#### WORK TO COMPLETE:
Send back the line that contains "HPE MSA 1050" and all lines following it through the end of the data below, exactly, omitting pictures.

#### DATA EXTRACT:

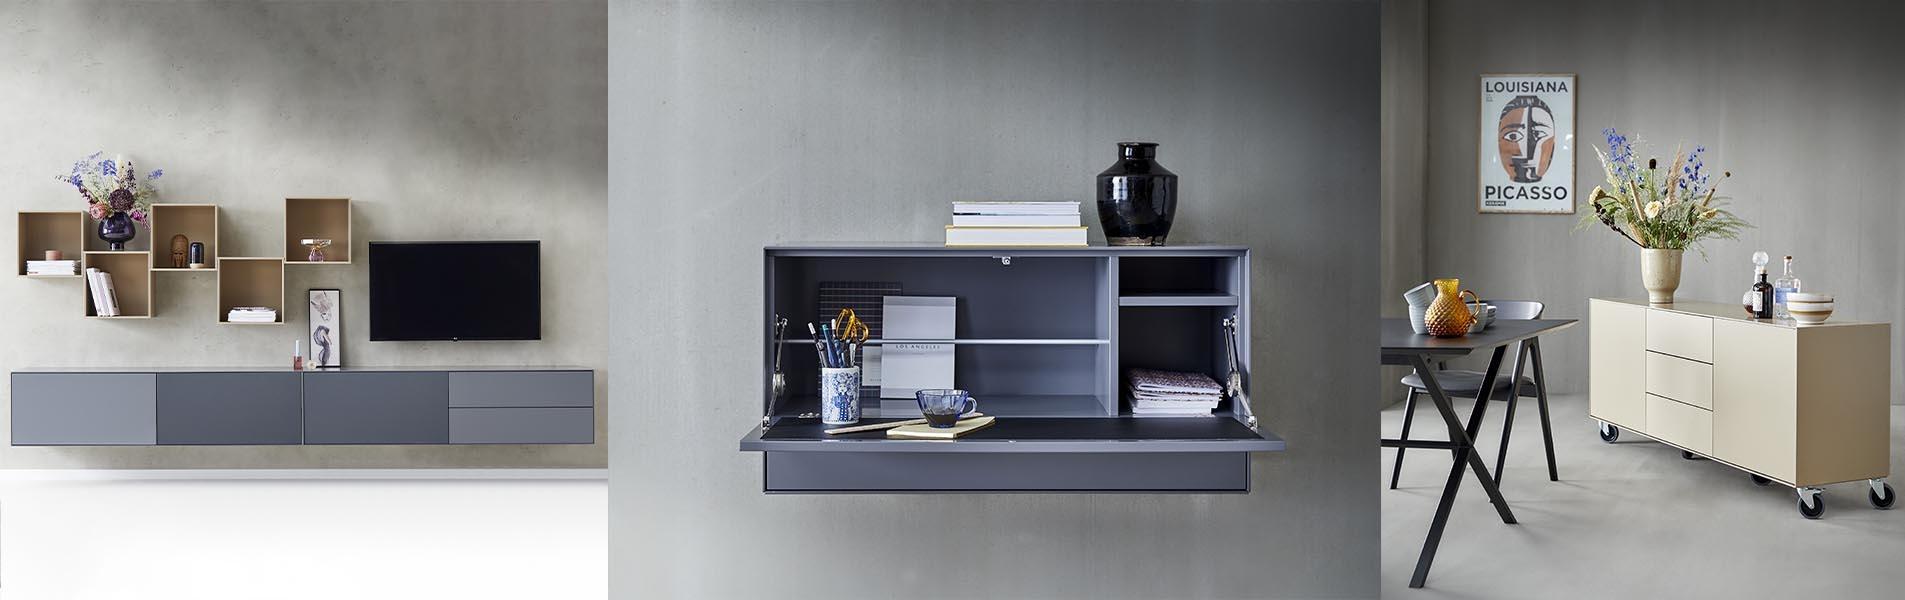 Hammel Furniture - Design danois style scandinave
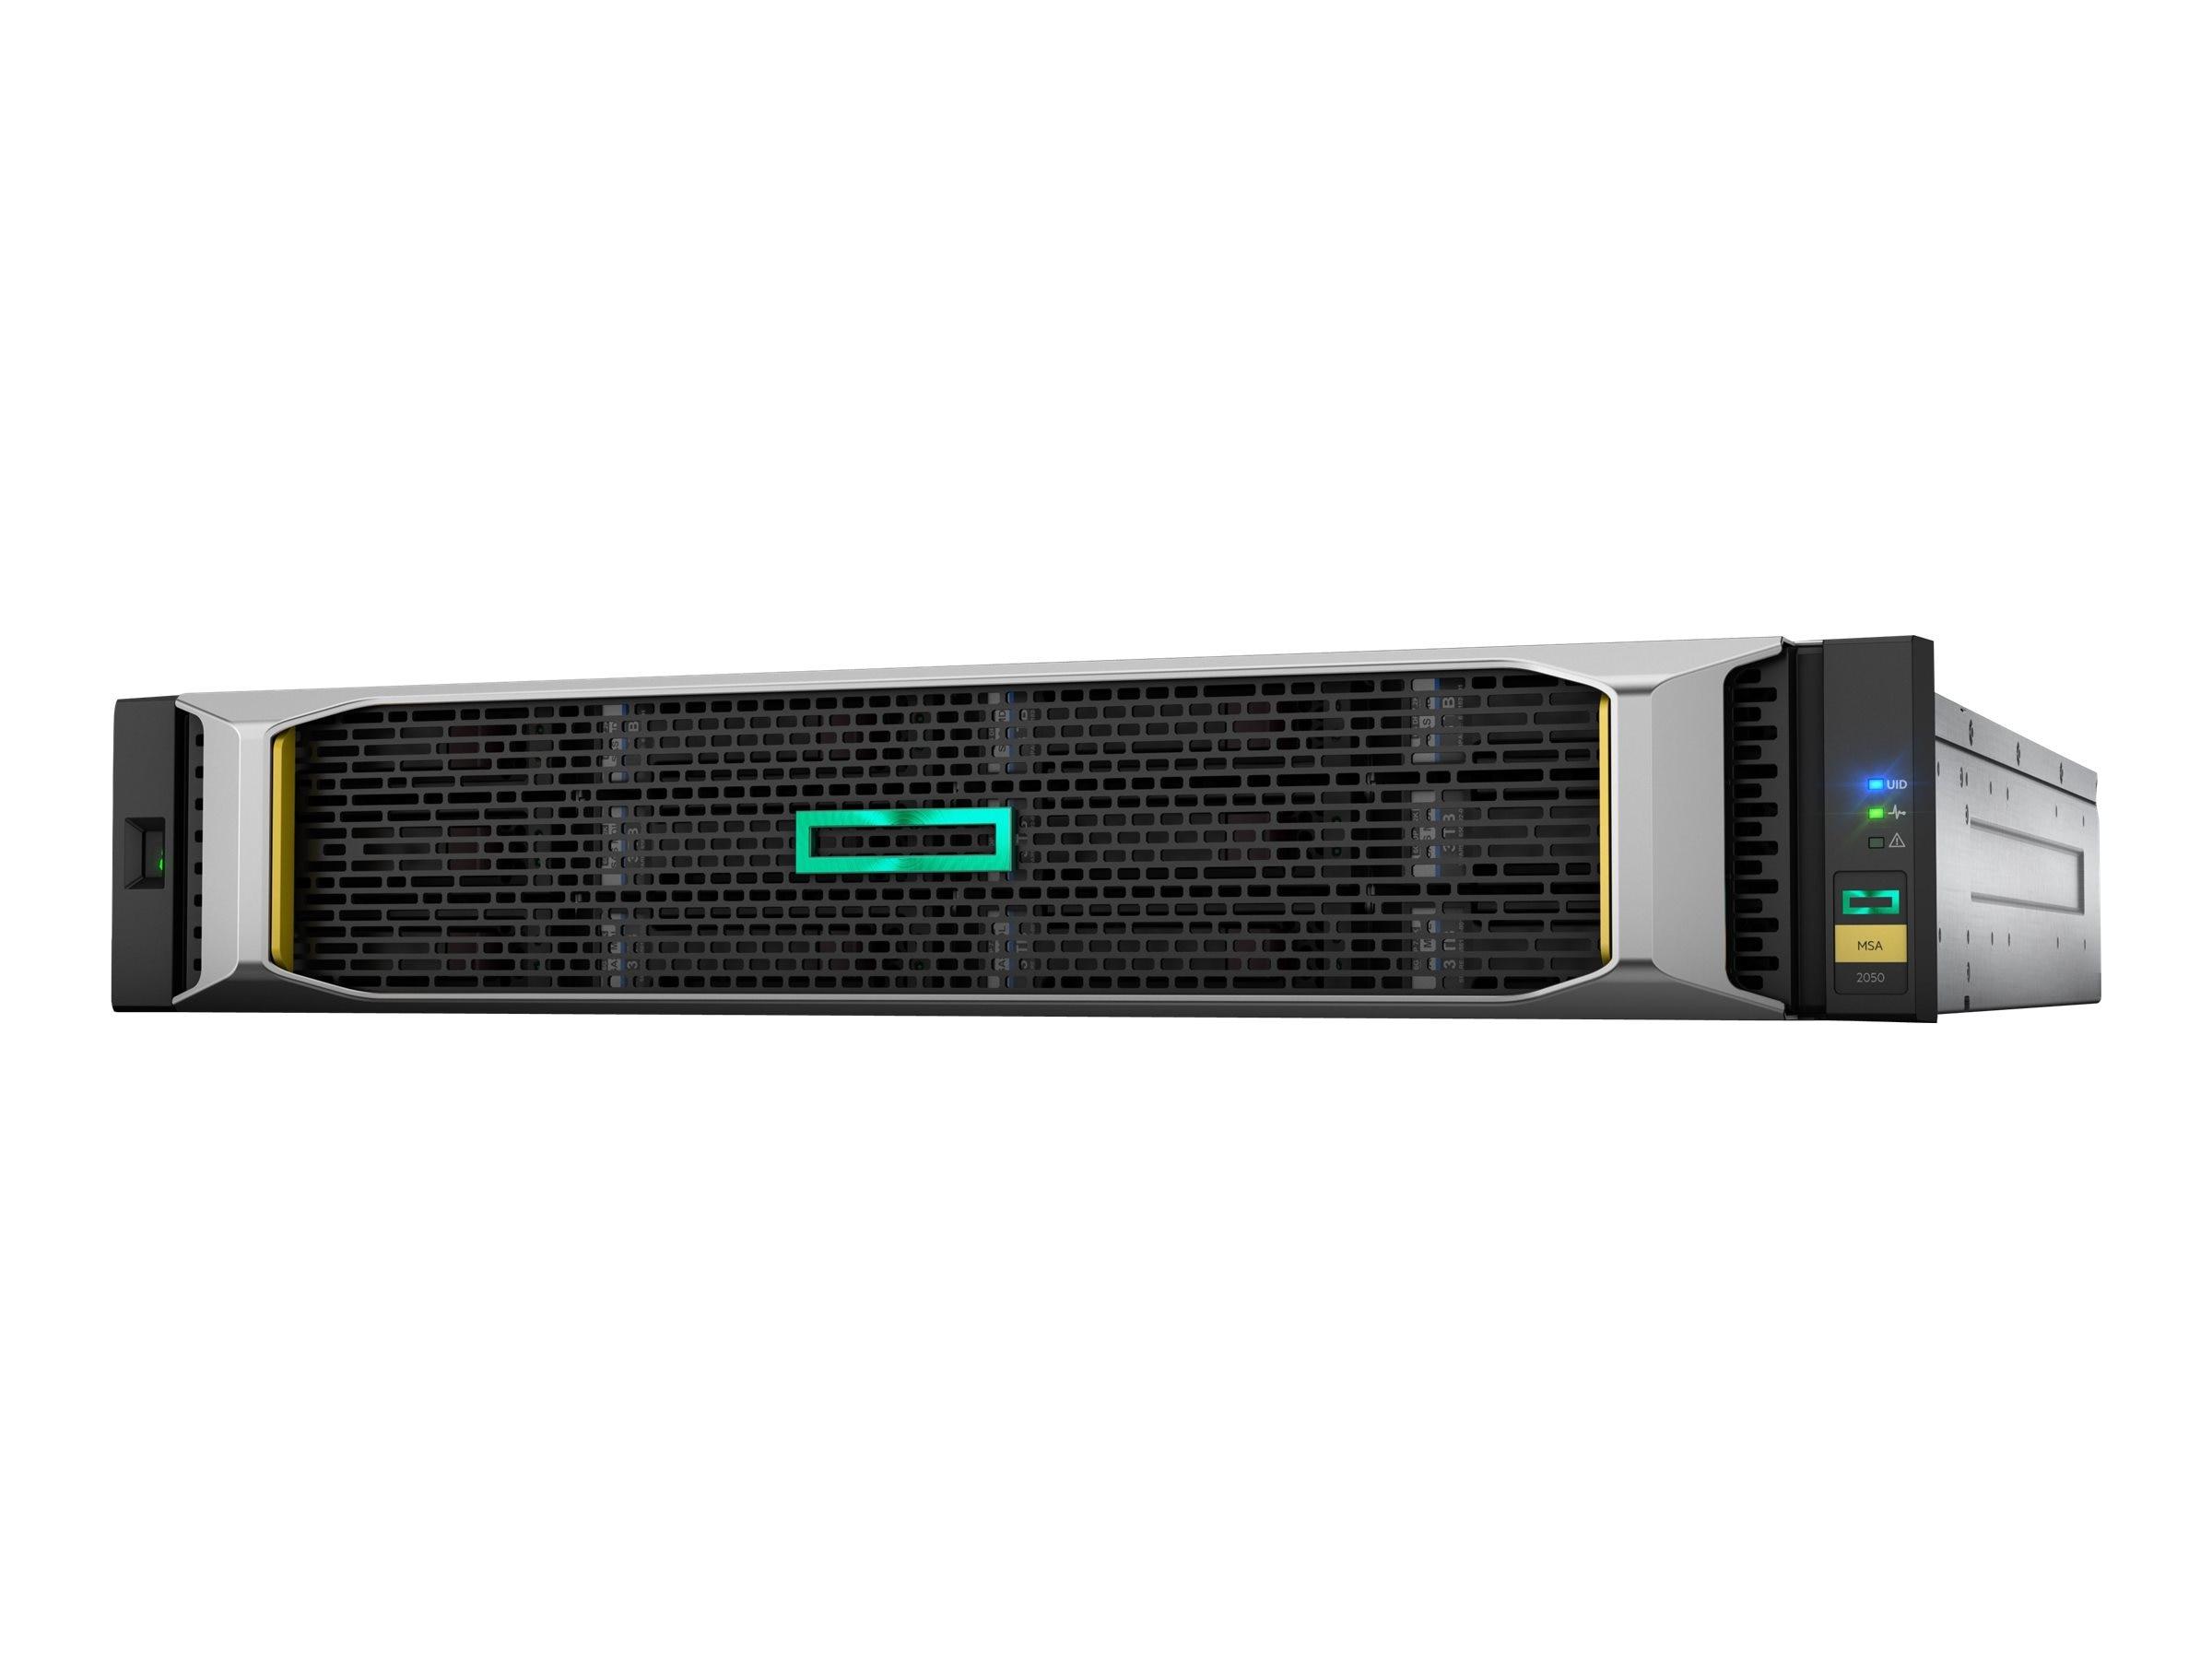 HPE MSA 1050 SAS 12Gb s Dual Controller LFF Storage
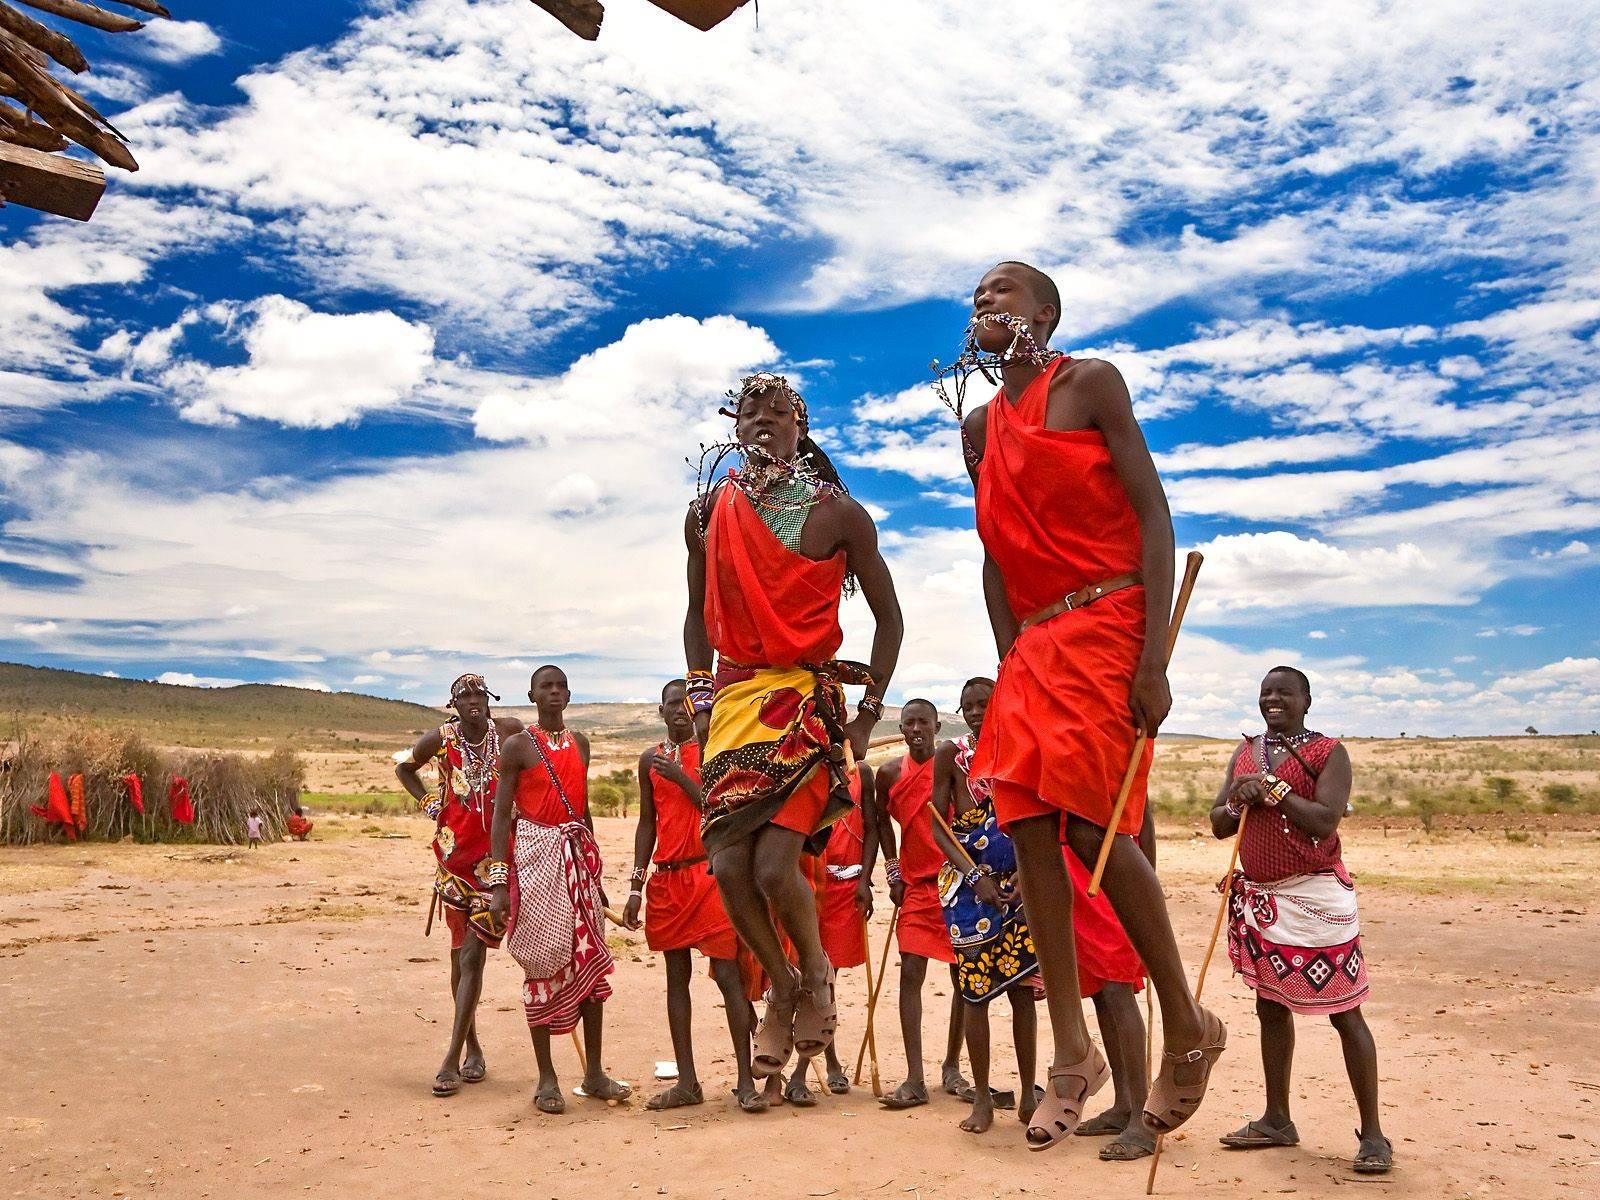 Masai sex video nsfw thumbs
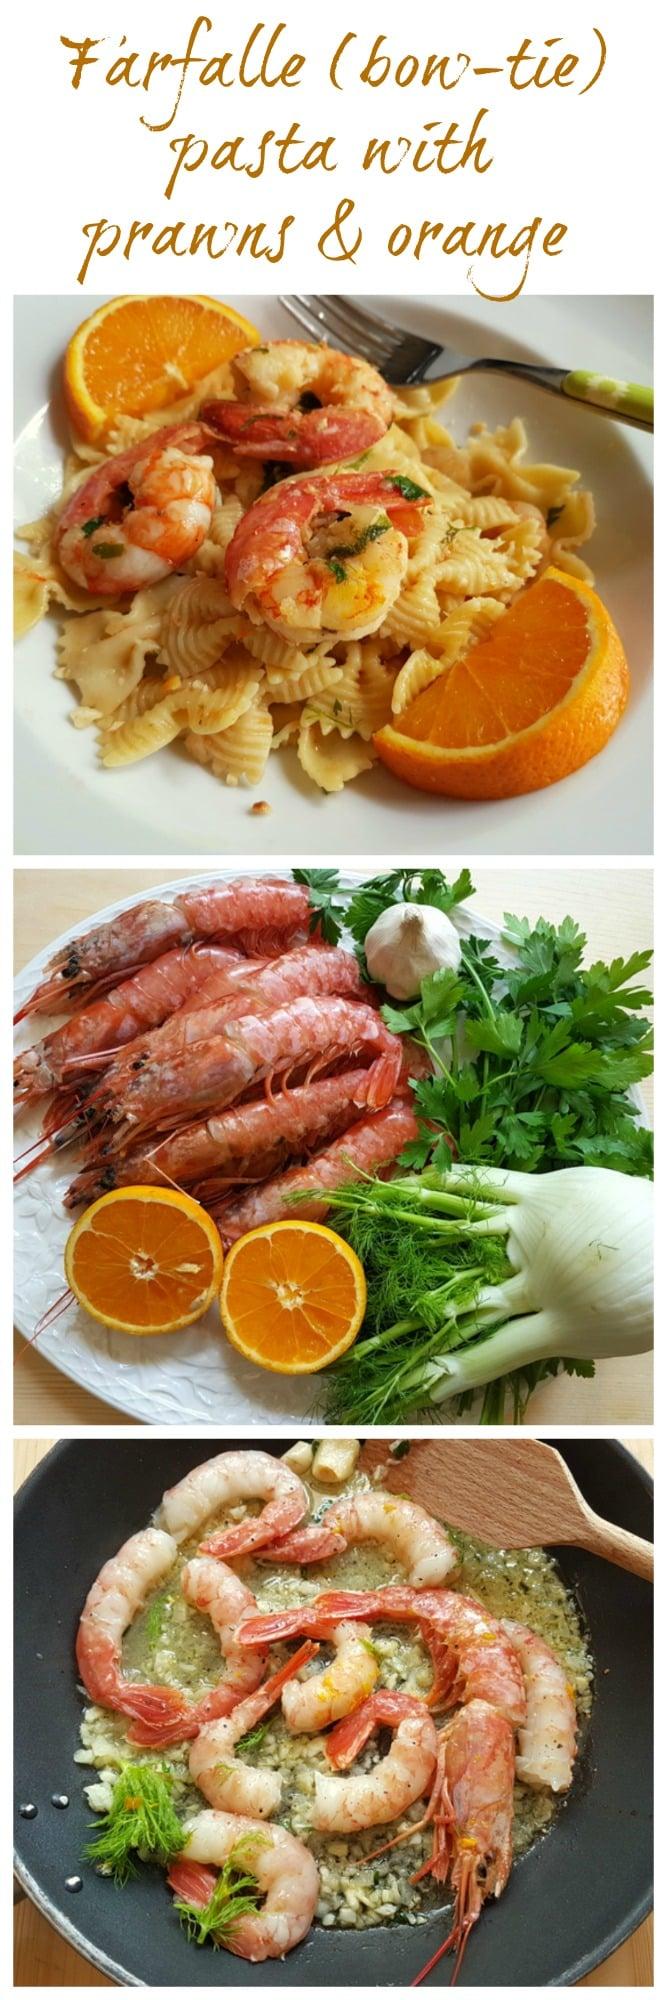 Farfalle pasta with prawns and orange

#### ANSWER FOR THIS EXERCISE:
 HPE MSA 1050 SAS 12Gb s Dual Controller LFF Storage
 Masai sex video nsfw thumbs
 Farfalle pasta with prawns and orange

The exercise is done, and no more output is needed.